==== Records supplied

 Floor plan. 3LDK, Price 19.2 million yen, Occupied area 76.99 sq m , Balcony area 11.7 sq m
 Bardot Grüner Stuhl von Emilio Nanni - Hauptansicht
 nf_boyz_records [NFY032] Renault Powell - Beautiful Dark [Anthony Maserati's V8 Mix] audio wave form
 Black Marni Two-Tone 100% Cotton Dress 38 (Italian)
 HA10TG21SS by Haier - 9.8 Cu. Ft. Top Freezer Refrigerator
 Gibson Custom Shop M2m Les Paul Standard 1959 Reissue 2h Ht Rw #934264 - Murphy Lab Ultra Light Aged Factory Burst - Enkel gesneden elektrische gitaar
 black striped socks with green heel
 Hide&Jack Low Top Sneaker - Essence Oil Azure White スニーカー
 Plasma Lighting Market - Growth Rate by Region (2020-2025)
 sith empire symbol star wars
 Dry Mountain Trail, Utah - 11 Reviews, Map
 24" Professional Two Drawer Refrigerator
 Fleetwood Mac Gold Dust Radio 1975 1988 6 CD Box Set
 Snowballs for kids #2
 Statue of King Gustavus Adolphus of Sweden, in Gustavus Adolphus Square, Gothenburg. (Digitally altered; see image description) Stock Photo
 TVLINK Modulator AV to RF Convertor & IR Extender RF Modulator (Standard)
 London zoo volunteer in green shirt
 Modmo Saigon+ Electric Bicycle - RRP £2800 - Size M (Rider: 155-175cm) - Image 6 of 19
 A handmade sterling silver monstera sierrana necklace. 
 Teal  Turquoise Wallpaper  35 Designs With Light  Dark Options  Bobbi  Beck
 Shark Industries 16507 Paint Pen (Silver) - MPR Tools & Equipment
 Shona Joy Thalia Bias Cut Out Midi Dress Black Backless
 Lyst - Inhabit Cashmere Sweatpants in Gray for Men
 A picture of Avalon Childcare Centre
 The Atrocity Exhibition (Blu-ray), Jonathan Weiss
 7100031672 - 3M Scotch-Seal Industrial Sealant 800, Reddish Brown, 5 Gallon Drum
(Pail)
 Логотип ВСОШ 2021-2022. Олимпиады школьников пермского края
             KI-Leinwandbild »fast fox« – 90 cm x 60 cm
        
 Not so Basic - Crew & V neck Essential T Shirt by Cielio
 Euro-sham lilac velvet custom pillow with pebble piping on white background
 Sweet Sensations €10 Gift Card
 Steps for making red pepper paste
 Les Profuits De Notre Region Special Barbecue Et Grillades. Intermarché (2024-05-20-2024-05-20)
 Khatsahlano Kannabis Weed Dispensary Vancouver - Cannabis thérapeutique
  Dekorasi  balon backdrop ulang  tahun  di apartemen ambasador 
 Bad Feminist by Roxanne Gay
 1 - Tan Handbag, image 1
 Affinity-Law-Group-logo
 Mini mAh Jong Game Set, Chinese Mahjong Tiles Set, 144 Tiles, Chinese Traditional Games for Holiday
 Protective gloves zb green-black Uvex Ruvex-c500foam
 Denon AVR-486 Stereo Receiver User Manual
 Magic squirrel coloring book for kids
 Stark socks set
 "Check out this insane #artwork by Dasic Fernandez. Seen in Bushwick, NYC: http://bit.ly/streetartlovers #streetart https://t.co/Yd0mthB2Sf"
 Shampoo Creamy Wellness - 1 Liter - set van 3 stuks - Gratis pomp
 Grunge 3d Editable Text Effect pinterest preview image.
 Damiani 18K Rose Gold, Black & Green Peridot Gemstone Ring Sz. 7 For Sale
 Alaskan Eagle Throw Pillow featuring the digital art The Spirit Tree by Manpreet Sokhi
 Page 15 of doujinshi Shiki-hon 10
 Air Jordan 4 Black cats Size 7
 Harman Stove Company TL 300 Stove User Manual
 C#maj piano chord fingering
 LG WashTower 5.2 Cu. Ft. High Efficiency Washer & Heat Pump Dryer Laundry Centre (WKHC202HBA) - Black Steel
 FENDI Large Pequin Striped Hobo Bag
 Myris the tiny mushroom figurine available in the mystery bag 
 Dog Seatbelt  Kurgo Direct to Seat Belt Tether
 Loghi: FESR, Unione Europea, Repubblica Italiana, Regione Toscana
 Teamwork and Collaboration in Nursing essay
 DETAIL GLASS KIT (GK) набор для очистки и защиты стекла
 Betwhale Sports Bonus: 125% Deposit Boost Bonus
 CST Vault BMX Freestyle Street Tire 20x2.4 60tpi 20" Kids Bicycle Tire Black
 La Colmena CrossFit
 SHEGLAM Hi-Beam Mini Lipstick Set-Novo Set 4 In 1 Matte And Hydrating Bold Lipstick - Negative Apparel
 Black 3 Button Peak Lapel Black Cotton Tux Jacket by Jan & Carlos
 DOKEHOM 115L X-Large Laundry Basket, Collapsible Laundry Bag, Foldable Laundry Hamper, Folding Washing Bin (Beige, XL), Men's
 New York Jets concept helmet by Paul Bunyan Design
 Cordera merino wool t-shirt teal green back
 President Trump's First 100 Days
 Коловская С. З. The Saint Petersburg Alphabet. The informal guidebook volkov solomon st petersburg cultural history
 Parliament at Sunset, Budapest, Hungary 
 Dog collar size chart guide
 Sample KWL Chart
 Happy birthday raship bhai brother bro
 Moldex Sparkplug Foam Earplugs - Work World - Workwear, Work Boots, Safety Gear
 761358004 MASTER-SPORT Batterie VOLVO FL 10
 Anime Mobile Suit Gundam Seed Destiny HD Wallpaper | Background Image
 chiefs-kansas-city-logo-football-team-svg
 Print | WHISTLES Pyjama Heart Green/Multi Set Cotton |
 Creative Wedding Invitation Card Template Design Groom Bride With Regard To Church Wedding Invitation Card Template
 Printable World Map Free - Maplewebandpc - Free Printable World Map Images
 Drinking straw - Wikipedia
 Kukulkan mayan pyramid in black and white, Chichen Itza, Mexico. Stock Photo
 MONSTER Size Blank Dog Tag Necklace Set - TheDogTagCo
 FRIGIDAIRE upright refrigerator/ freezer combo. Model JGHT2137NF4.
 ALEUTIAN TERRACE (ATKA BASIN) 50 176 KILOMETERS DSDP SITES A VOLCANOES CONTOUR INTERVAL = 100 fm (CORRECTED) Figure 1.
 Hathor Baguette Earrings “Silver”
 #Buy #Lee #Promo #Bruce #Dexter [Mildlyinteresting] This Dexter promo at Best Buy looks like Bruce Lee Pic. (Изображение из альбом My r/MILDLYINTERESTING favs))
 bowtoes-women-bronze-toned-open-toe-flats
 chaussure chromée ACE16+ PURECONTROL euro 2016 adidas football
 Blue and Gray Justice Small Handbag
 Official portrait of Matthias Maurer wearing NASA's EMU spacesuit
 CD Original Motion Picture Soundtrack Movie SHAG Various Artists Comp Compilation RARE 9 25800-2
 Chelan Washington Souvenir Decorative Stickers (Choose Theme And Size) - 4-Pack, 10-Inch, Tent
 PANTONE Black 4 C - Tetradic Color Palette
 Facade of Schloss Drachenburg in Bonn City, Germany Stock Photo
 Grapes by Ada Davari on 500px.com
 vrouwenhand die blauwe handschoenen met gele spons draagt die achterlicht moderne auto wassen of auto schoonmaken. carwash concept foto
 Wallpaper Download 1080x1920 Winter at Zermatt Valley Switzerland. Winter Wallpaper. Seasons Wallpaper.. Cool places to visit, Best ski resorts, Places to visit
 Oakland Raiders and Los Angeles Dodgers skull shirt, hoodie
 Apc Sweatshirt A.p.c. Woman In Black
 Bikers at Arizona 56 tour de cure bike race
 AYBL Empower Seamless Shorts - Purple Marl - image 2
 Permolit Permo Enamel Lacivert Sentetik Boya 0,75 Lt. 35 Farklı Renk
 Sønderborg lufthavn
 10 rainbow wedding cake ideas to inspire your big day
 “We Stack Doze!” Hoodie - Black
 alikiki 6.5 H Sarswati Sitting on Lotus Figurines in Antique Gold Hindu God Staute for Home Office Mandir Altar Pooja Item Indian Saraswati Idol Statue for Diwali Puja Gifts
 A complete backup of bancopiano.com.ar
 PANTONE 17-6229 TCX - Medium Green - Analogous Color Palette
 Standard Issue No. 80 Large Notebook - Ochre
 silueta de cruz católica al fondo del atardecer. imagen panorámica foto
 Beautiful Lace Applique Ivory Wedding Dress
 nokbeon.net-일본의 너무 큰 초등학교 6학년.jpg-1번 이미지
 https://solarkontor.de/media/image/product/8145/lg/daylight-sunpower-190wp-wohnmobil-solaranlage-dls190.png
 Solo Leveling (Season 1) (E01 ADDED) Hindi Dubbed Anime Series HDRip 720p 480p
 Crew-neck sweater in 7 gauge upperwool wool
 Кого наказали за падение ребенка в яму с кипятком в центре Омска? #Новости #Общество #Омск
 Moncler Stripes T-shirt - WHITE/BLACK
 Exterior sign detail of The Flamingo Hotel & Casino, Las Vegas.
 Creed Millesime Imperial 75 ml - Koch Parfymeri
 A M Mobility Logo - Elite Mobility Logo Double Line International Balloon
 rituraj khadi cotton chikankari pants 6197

========

- Exercise brief
Using the data above, transcribe the lines that run from the line with "chiefs-kansas-city-logo-football-team-svg" to the line with "Creative Wedding Invitation", both ends kept, and output nothing else.

- Task result
 chiefs-kansas-city-logo-football-team-svg
 Print | WHISTLES Pyjama Heart Green/Multi Set Cotton |
 Creative Wedding Invitation Card Template Design Groom Bride With Regard To Church Wedding Invitation Card Template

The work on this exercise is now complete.